Non-compliance with the EU AI Act is subject to fines of up to €35 million or 7% of global annual turnover for prohibited AI violations; up to €15 million or 3% for other violations; and up to €7.5 million or 1.5% for providing incorrect information to authorities. Enforcement is by national AI supervisory authorities designated by each EU member state. The European AI Office provides coordination for cross-border and GPAI matters.
Does the EU AI Act apply if I use an AI API rather than building my own model?

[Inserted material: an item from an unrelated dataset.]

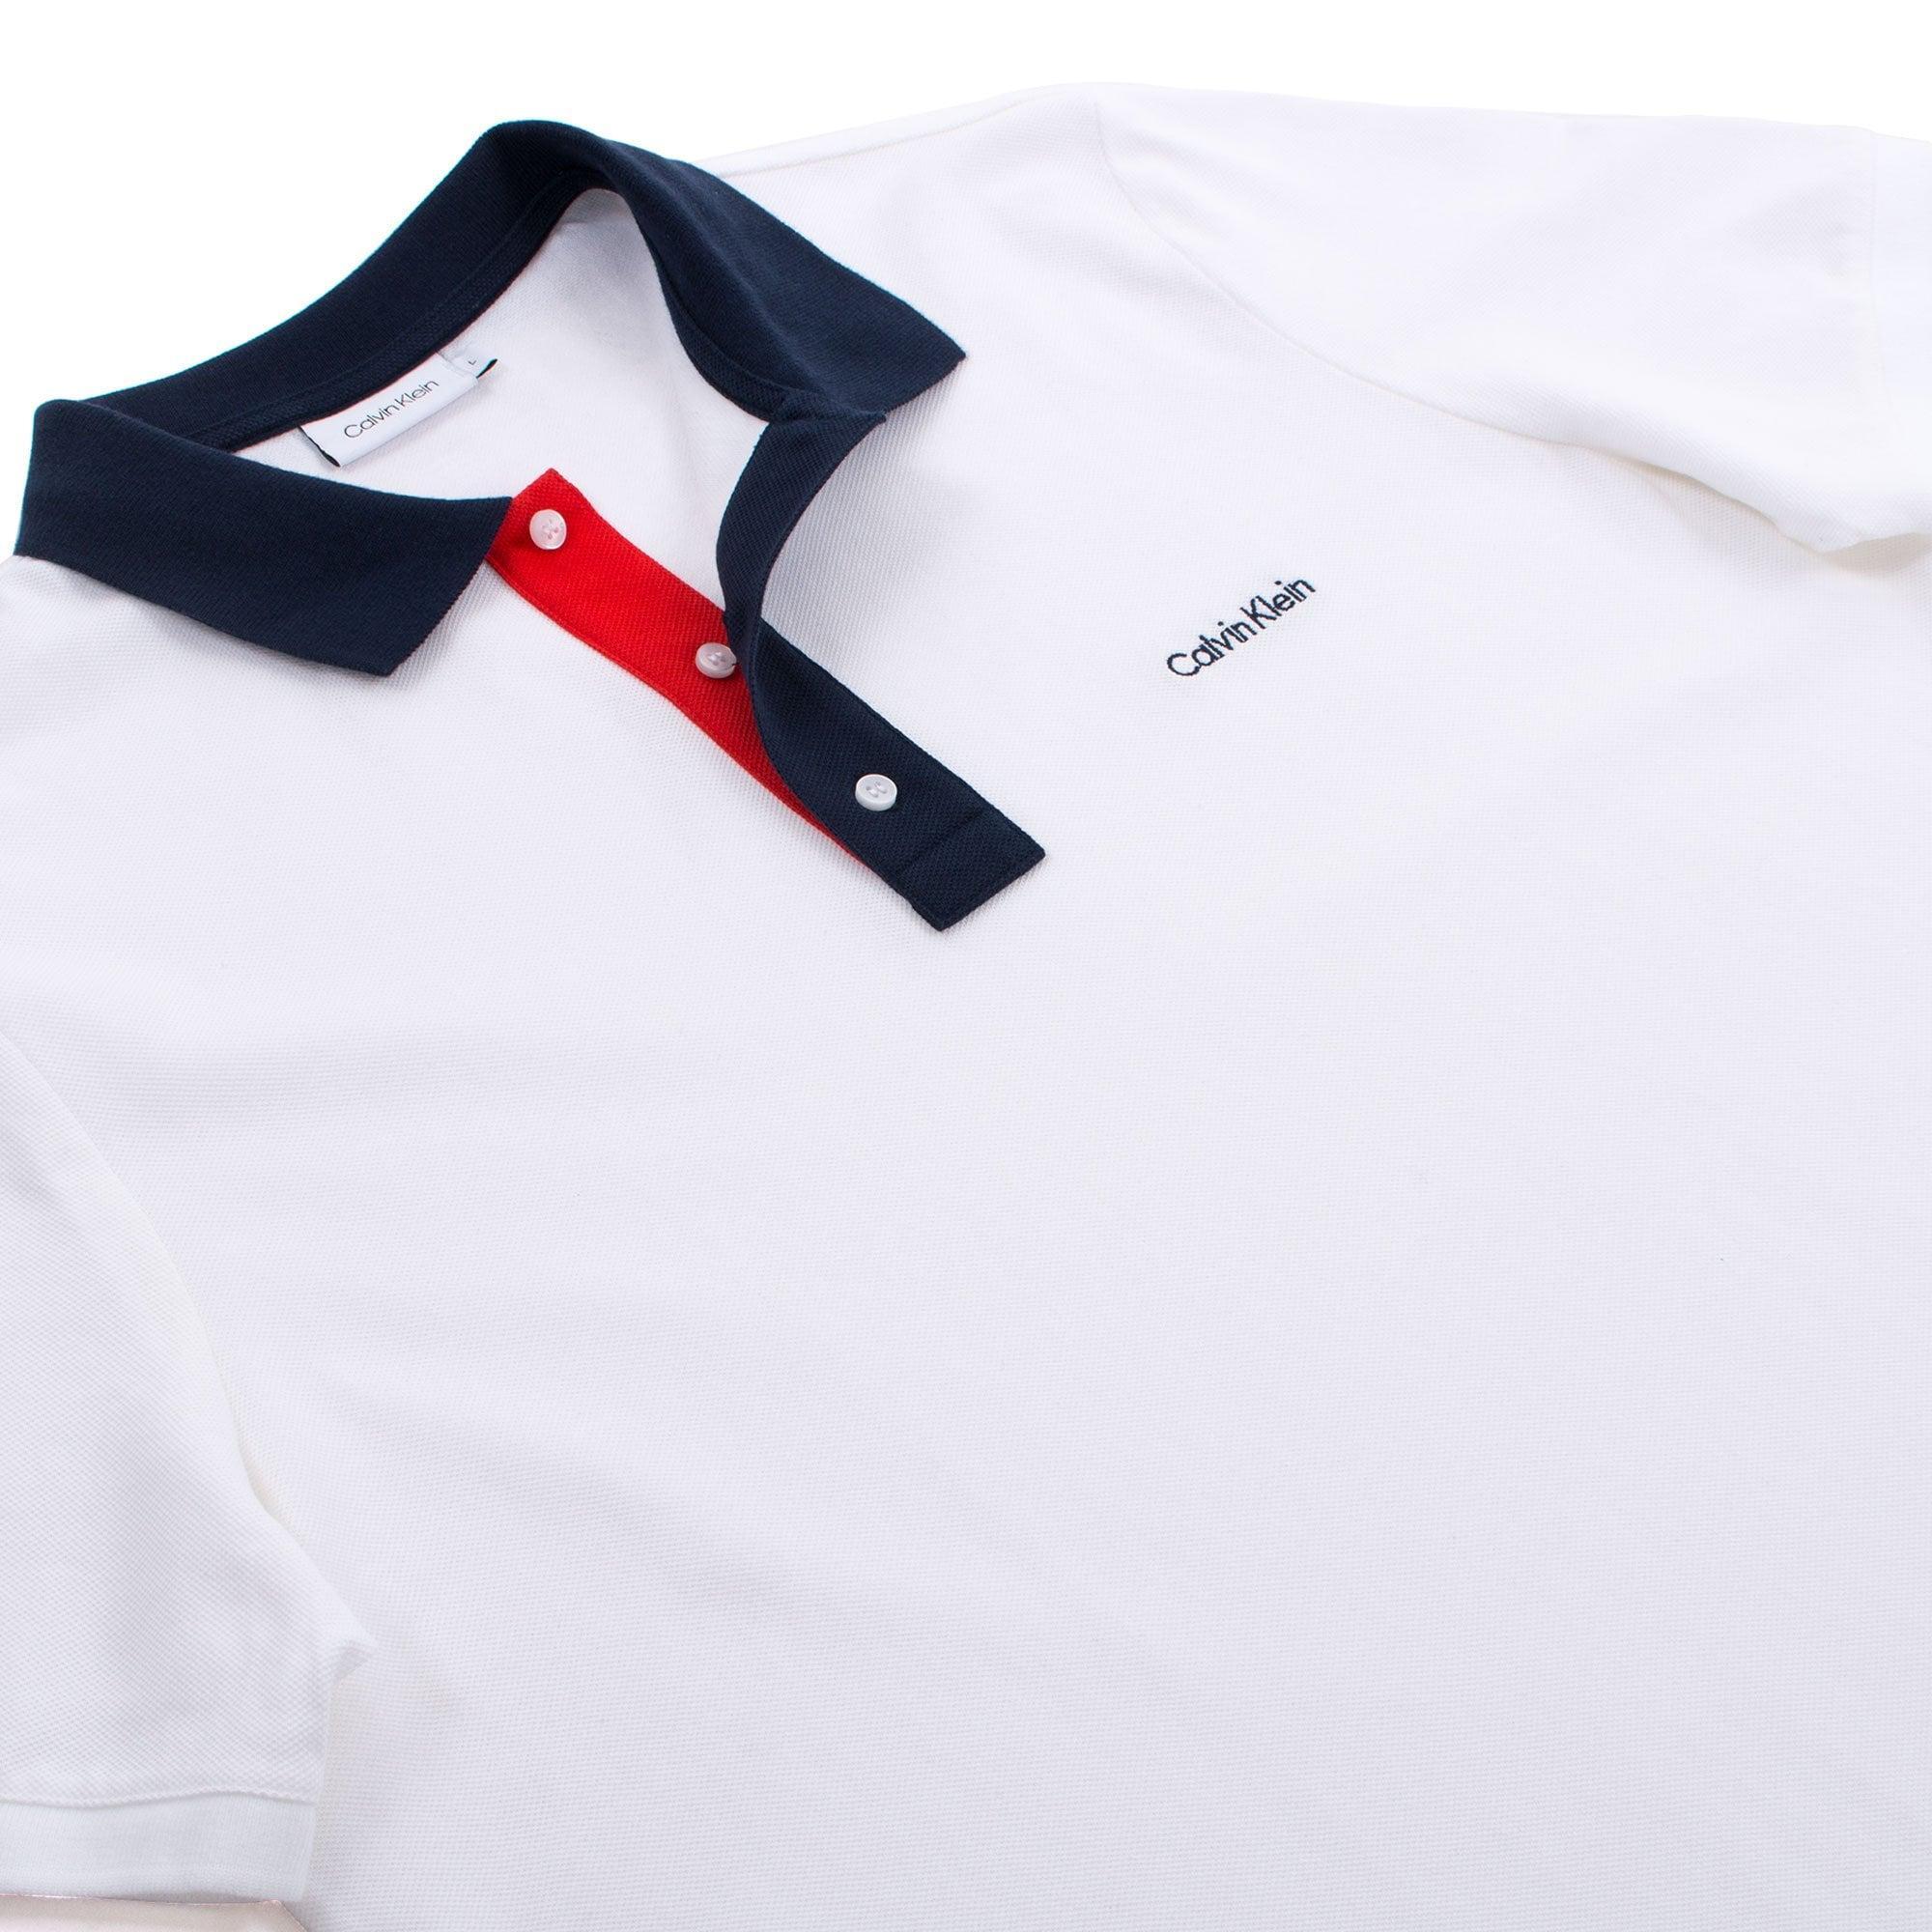 6e994e59a Calvin Klein - White Contrast Collar Pique Polo for Men - Lyst. View  fullscreen

Yes — the EU AI Act applies to "deployers" of AI systems, not just providers. If you integrate a third-party AI API (OpenAI, Anthropic, Google, etc.) into your product and make AI-powered features available to EU users, you are a deployer under the Act and must comply with the obligations applicable to deployers of that risk tier. For high-risk AI systems, deployers have significant obligations including conducting fundamental rights impact assessments.
What is a General-Purpose AI model under the EU AI Act?
A General-Purpose AI model (GPAI) is an AI model trained on large amounts of data that can perform a wide range of tasks. The EU AI Act creates specific obligations for providers of GPAI models made available to third parties via API — including technical documentation, copyright compliance policies, usage policies, and (for models with systemic risk, assessed at over 10^25 FLOPs training compute) more extensive obligations including model evaluations and incident reporting.
How does the EU AI Act affect my chatbot?
Chatbots and AI virtual assistants are classified as Limited Risk AI systems. From August 2, 2026, you must ensure users are clearly informed at the beginning of each interaction that they are talking to an AI — unless this is obvious from context. The disclosure must be made before or at the start of the interaction. Failure to make this disclosure is a violation with fines up to €15 million or 3% of global turnover.
Do I need to register my AI system in the EU database?
High-risk AI systems under Annex III of the EU AI Act must be registered in a publicly accessible EU database before deployment. Providers must submit: their name and contact details; a description of the AI system; the intended purpose and countries of deployment; the conformity assessment applied; and the EU Declaration of Conformity. The registration requirement applies to providers, not deployers. Registration must be completed before market placement.